SOURCE MATERIAL =>
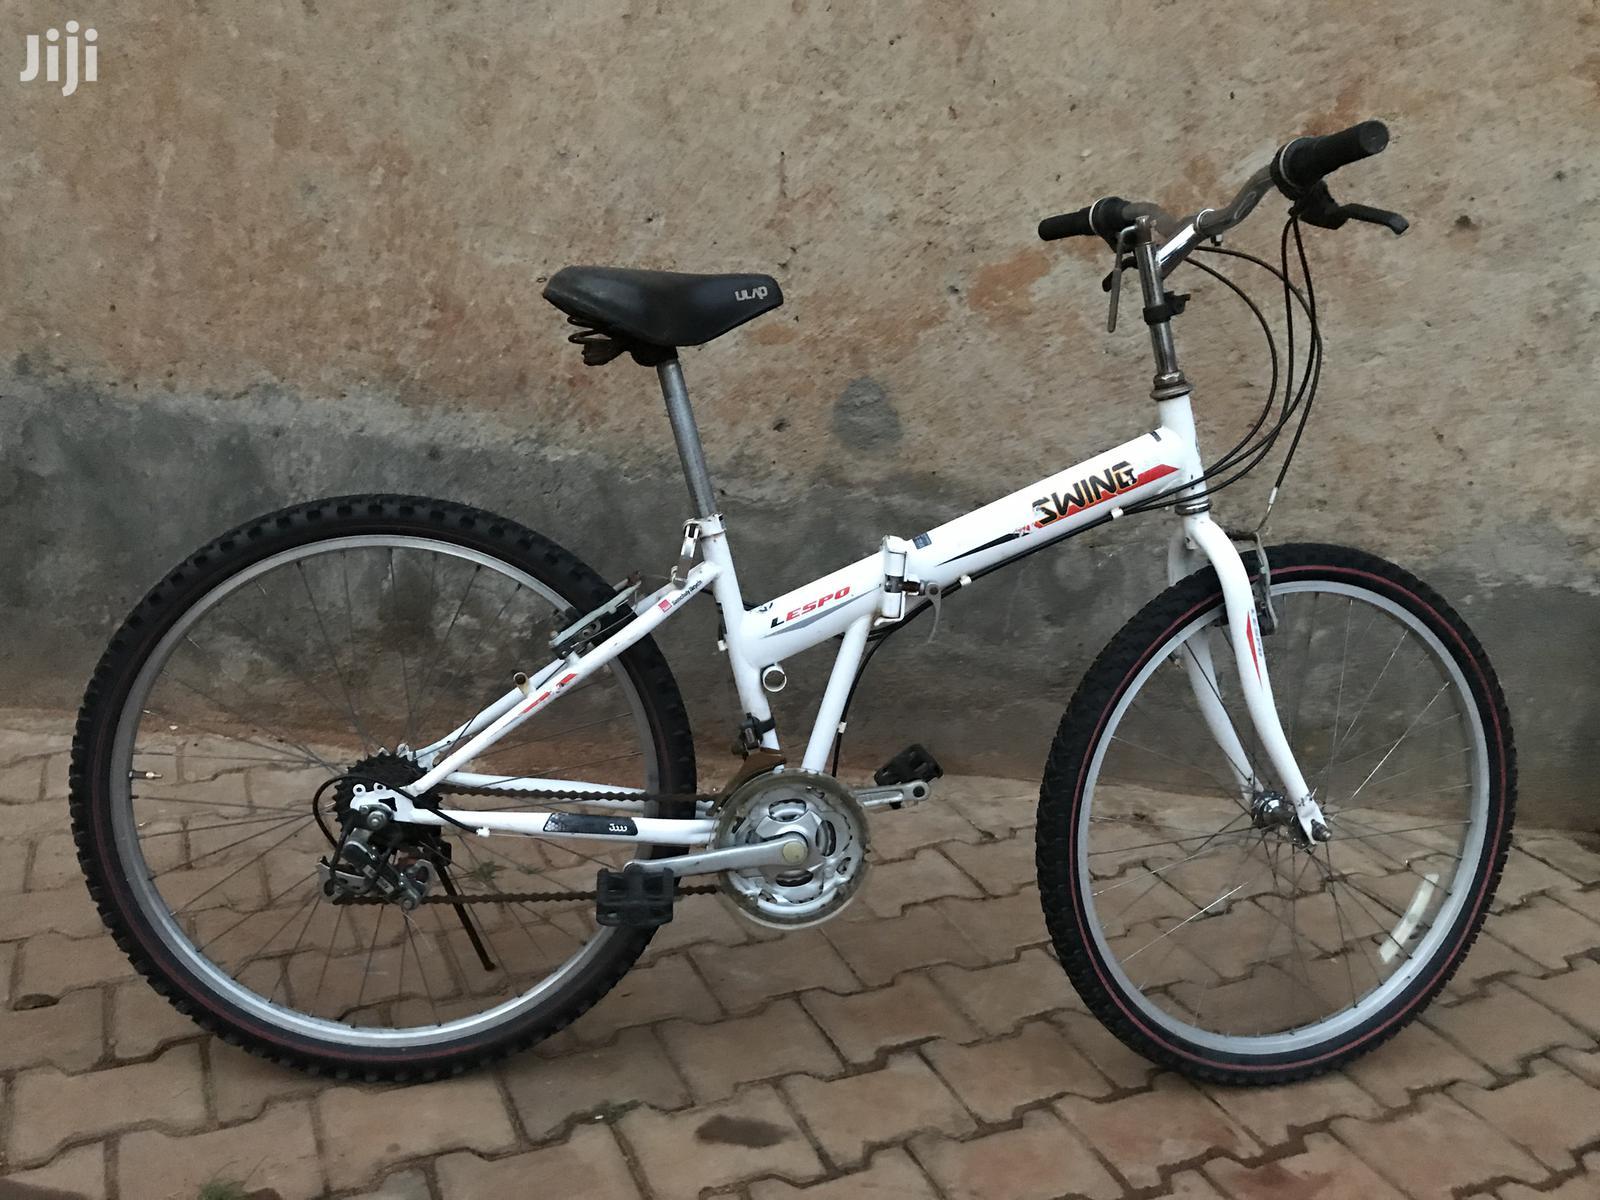 Mountain Bikes, Racing Sports | Sports Equipment for sale in Kampala, Central Region, Uganda
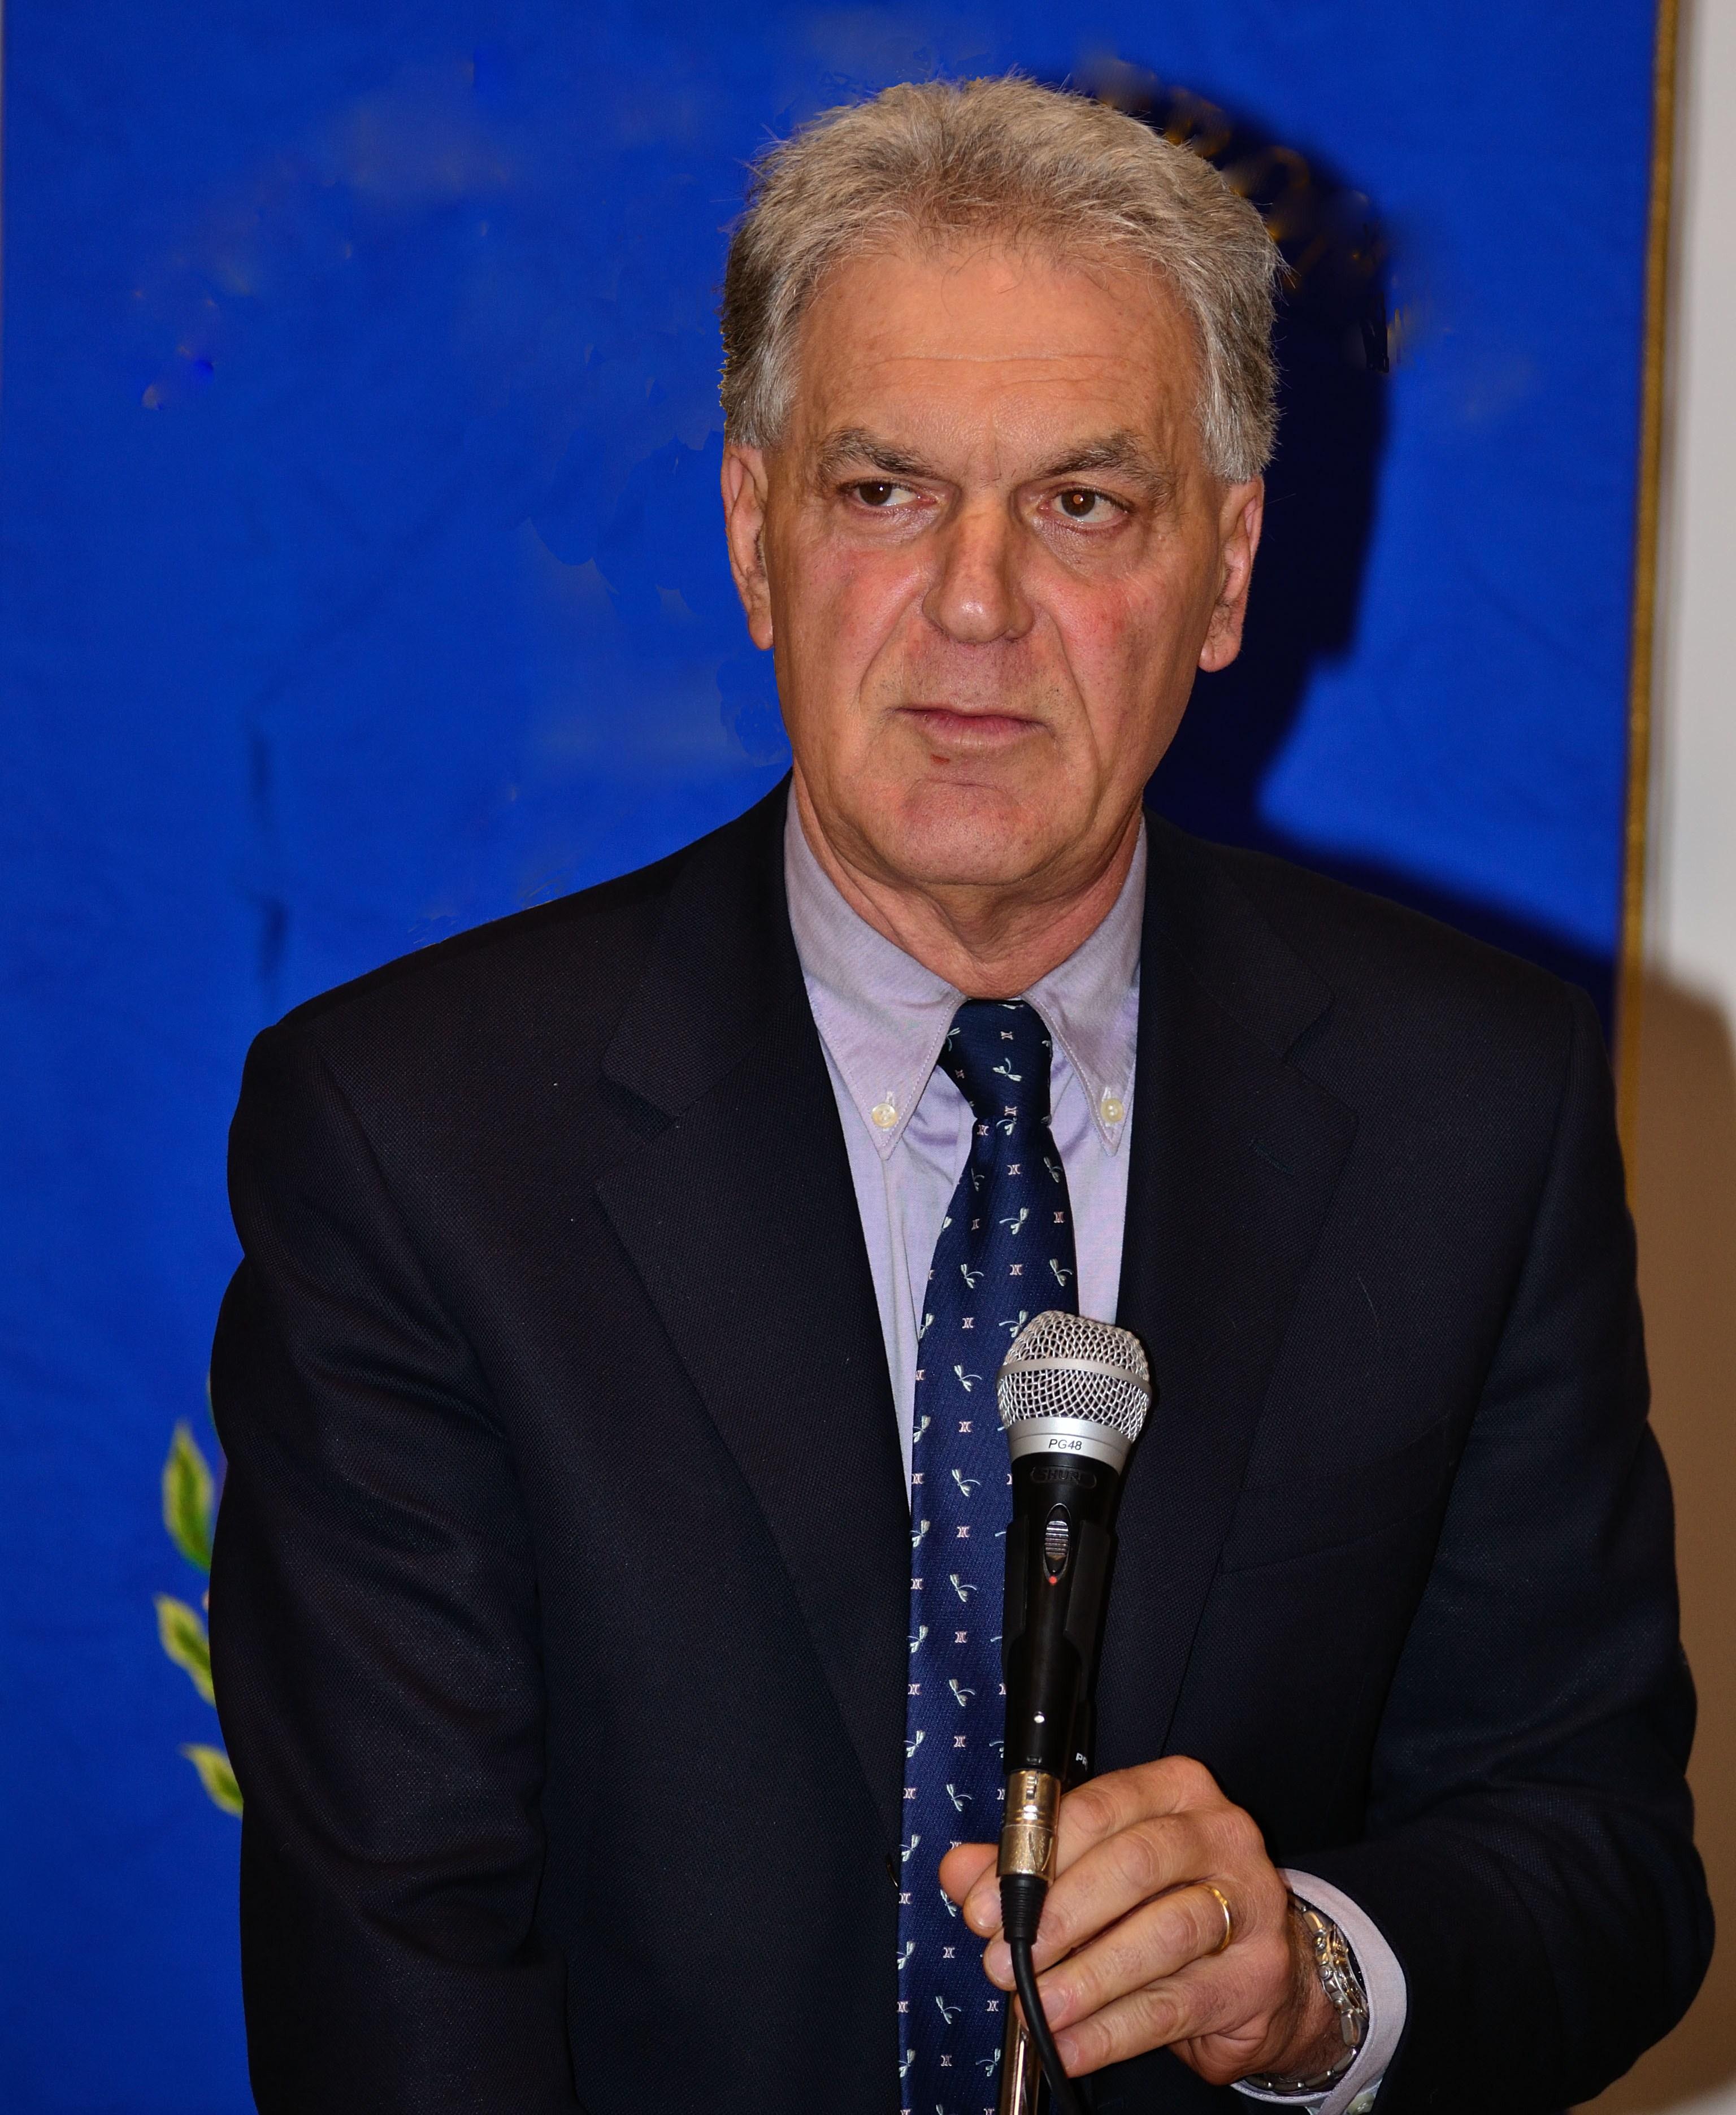 Presidente Celani
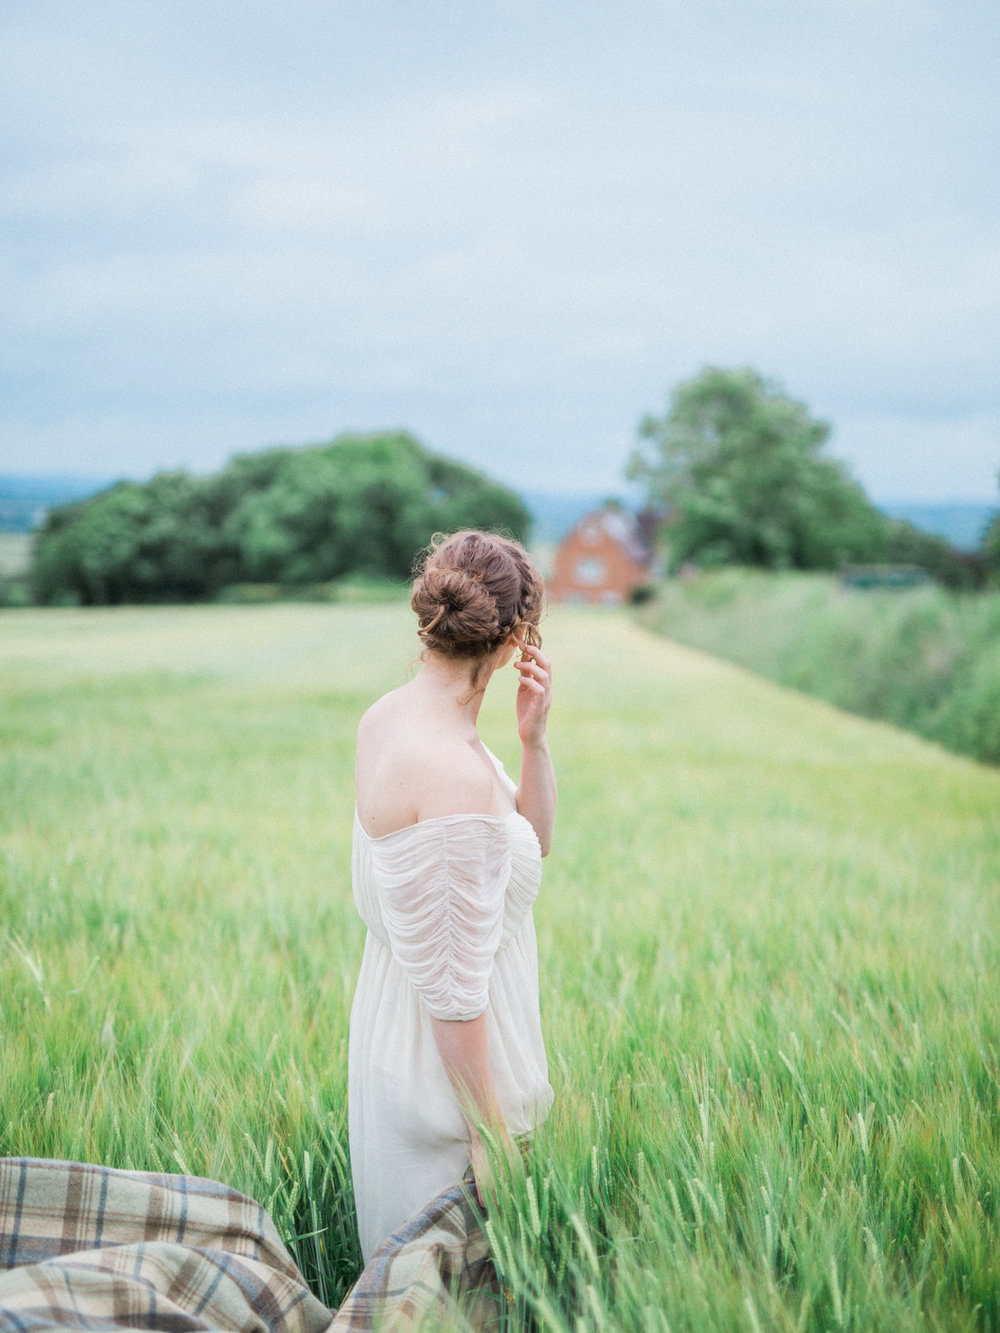 DanielleGirouxPhotography_EuropeTrip0C6A8964.jpg

PROMPT => Retype the lines above exactly, no pictures.

EXERCISE RESULT =>
 Mountain Bikes, Racing Sports | Sports Equipment for sale in Kampala, Central Region, Uganda
 Presidente Celani
 DanielleGirouxPhotography_EuropeTrip0C6A8964.jpg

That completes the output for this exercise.